What is needed is every line from the one holding "Extraordinary Wall o̶f̶" to the last line of the data below, printed exactly and without pictures.

+++ Data block

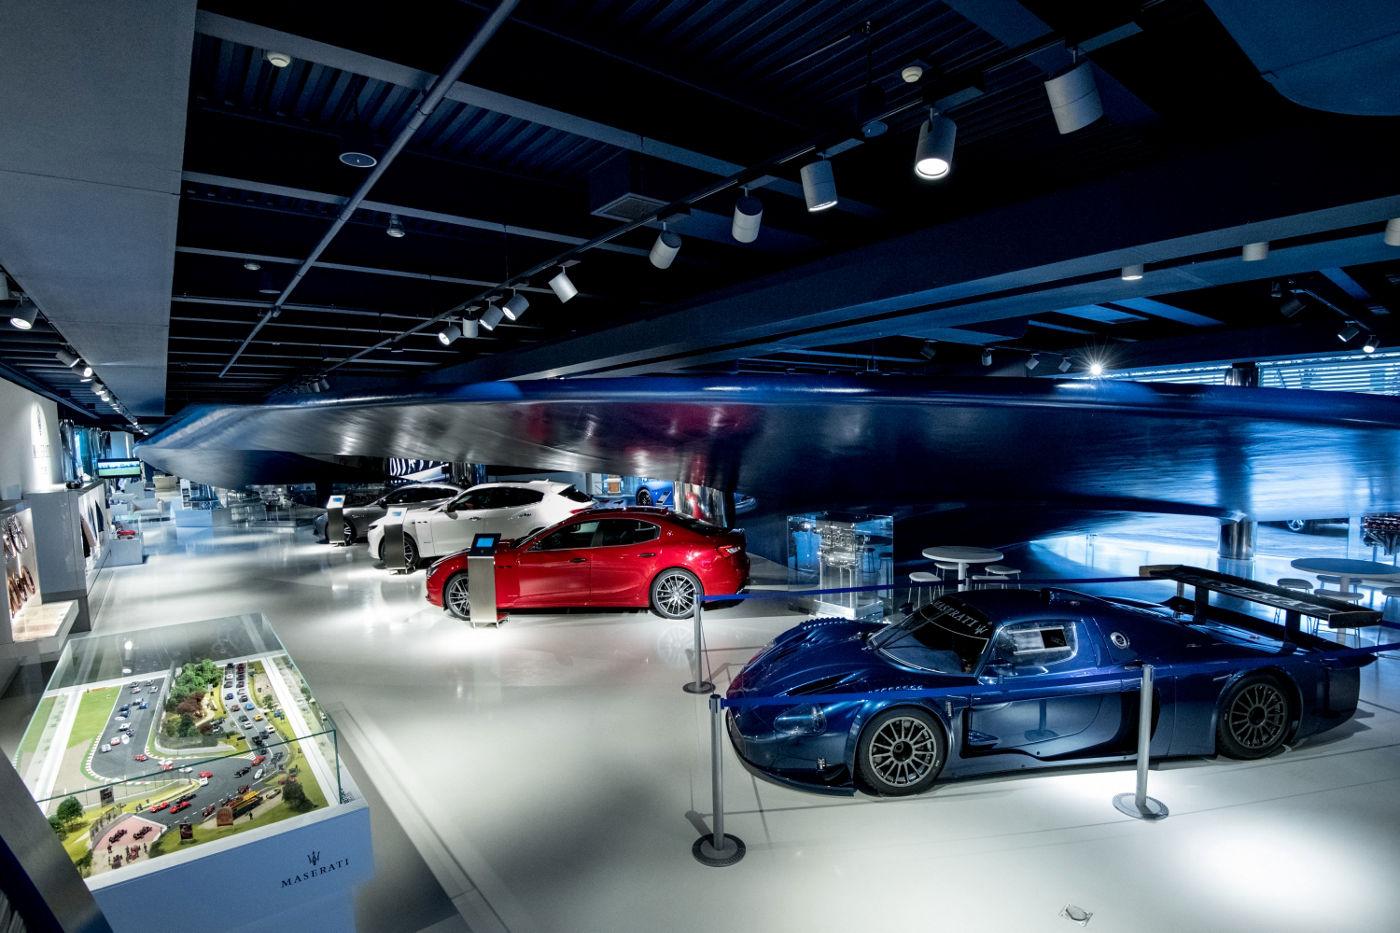 Maserati Showroom in Modena
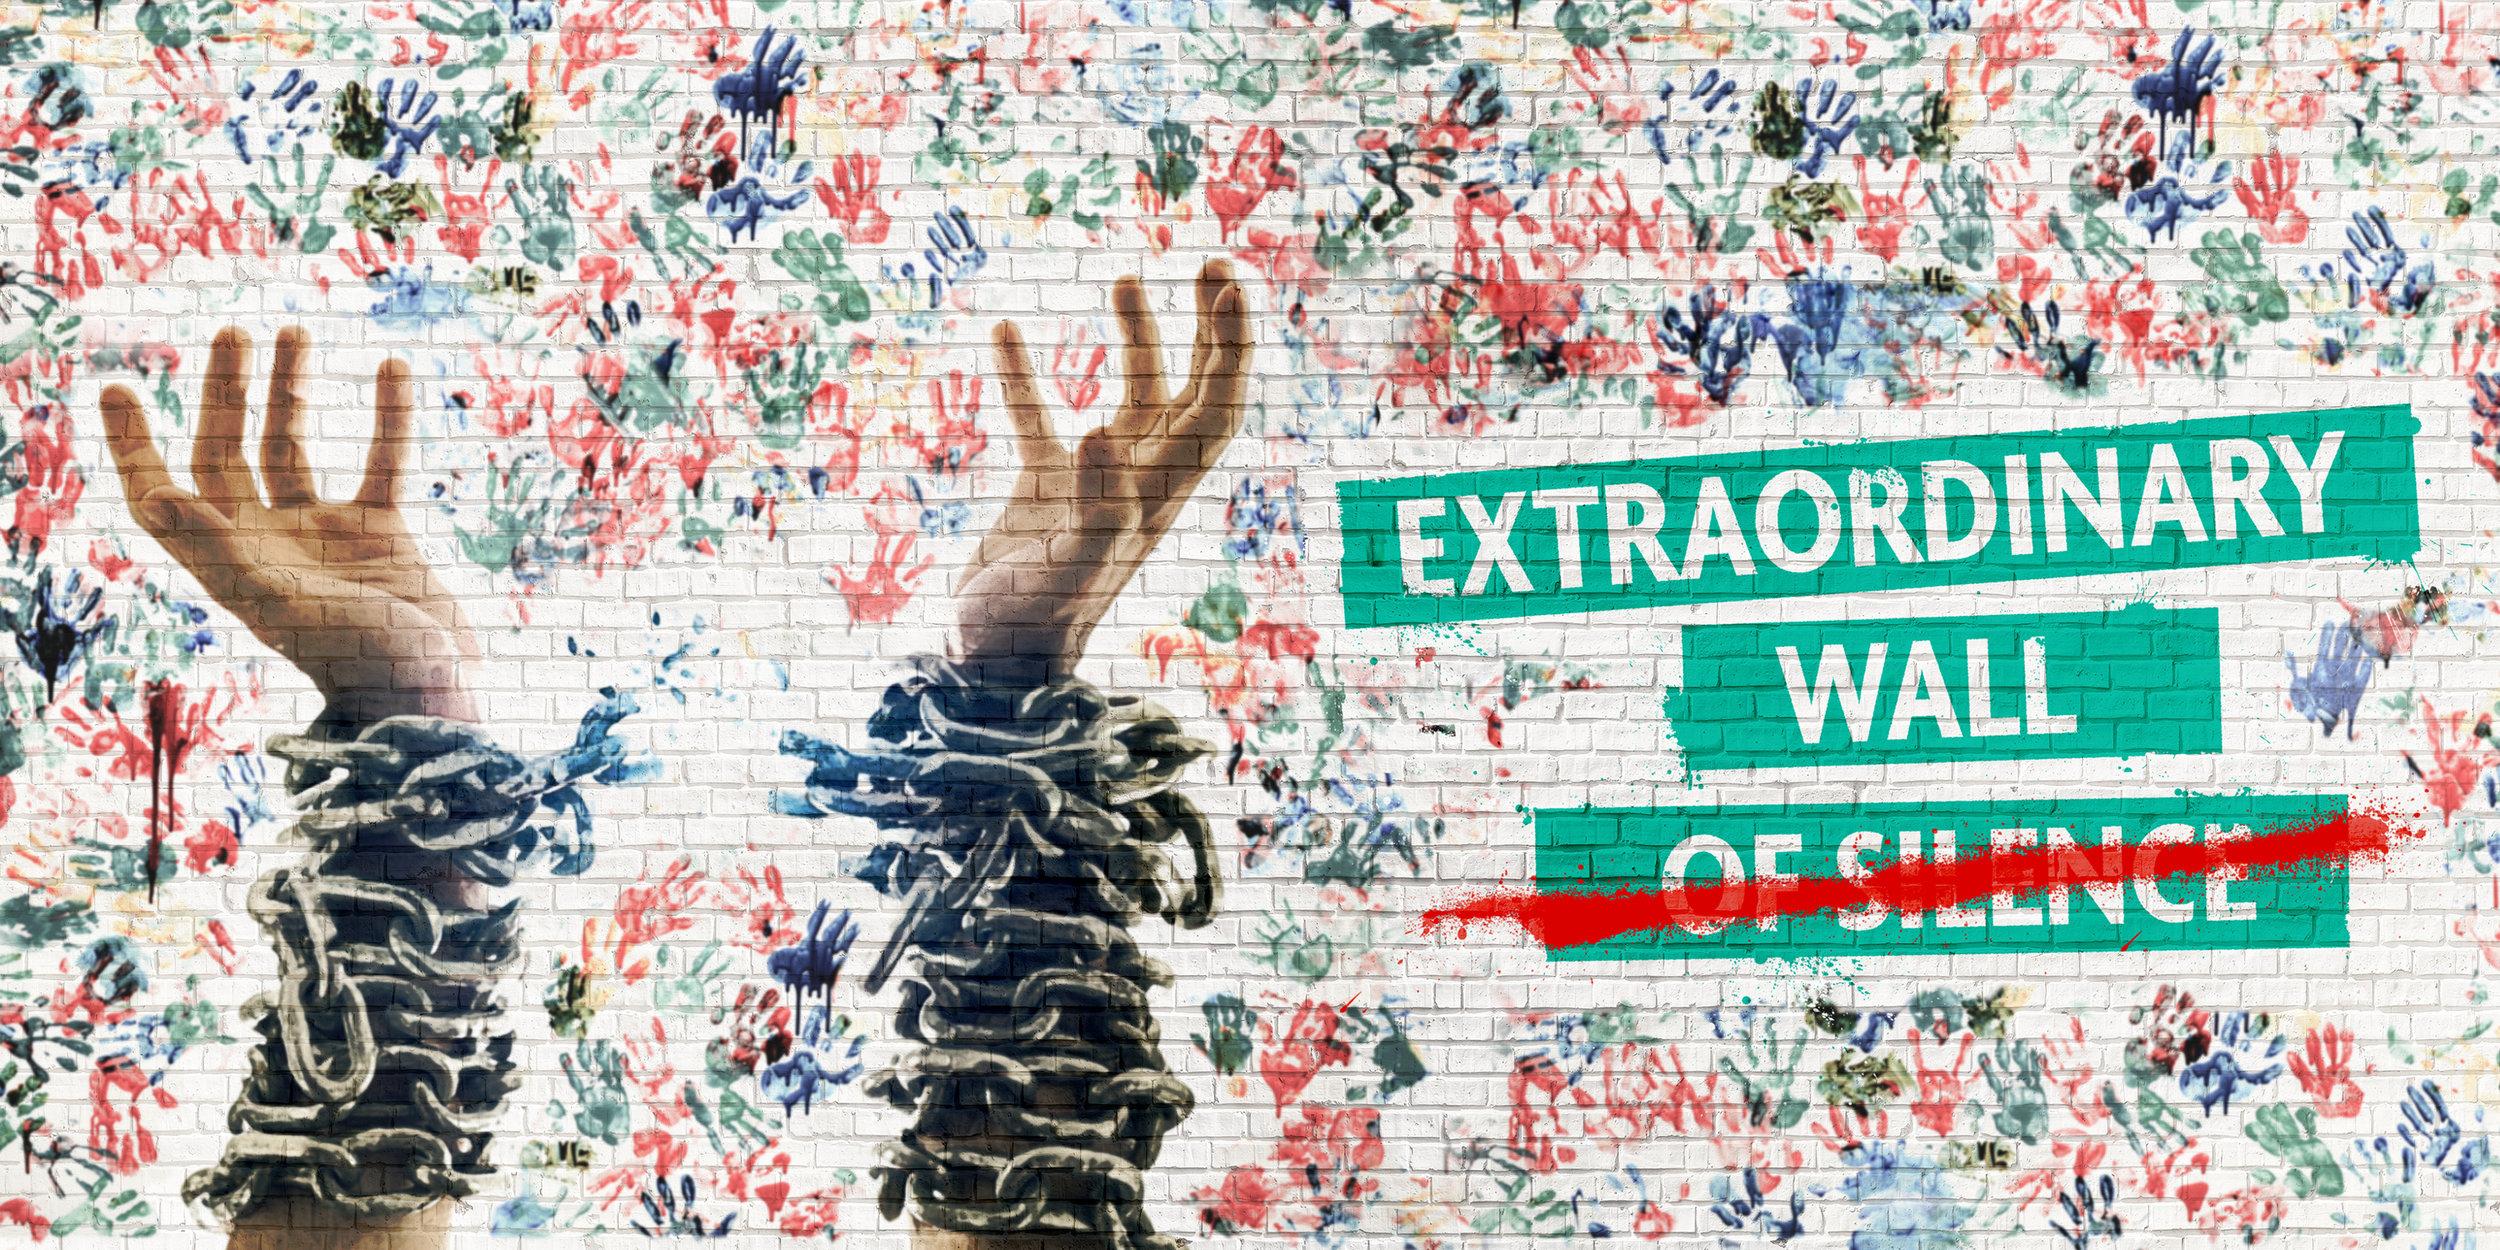 Extraordinary Wall o̶f̶ ̶S̶i̶l̶e̶n̶c̶e̶ (with title) LANDSCAPE Image Credit Peter Moffat.jpg
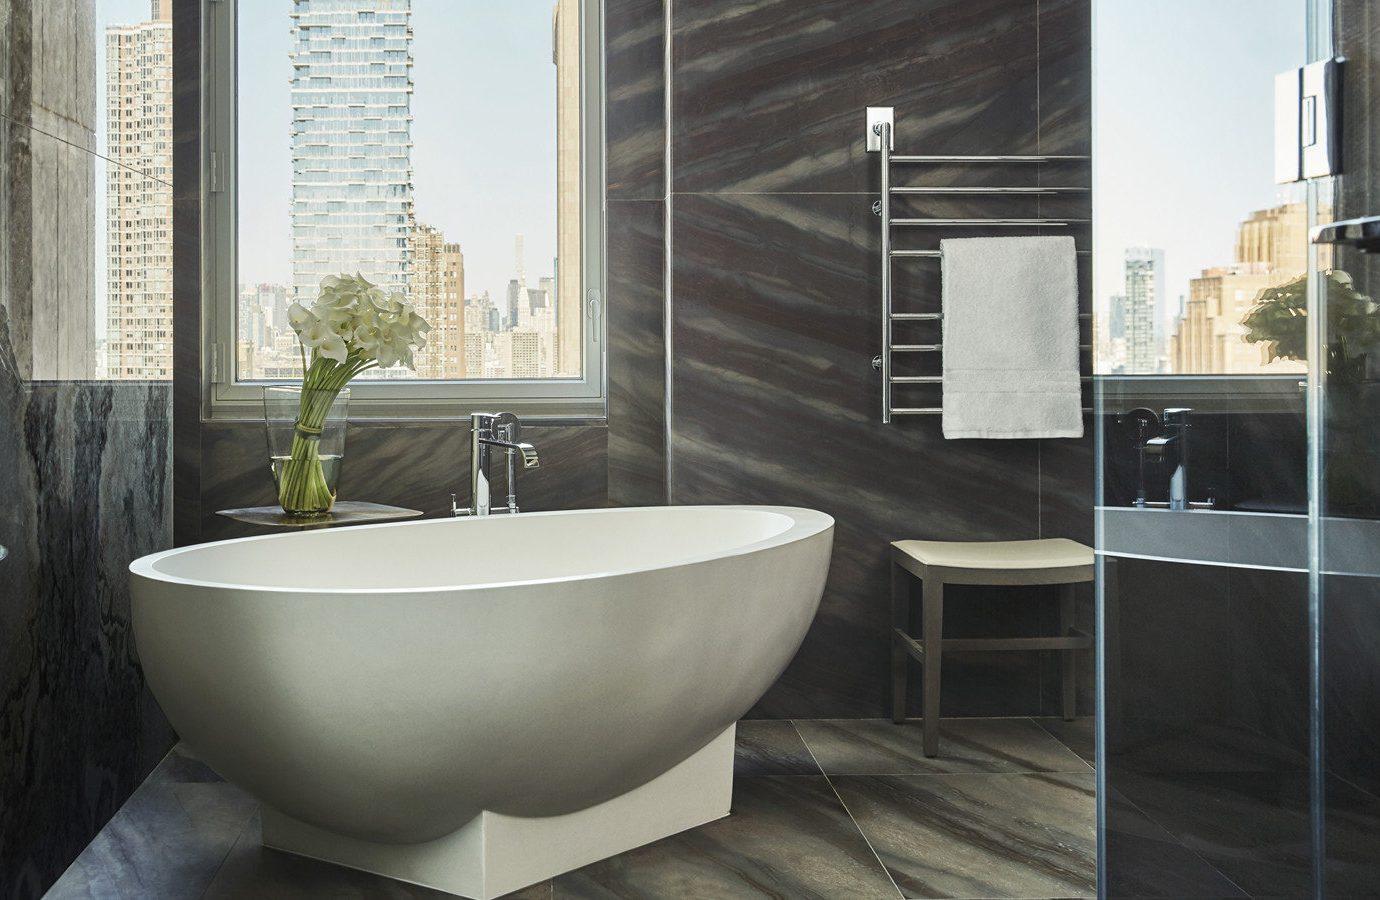 Hotels indoor floor window room bathtub bathroom plumbing fixture bidet interior design flooring tile tub tiled

++++++

§ Result of this task
 Extraordinary Wall o̶f̶ ̶S̶i̶l̶e̶n̶c̶e̶ (with title) LANDSCAPE Image Credit Peter Moffat.jpg
 Hotels indoor floor window room bathtub bathroom plumbing fixture bidet interior design flooring tile tub tiled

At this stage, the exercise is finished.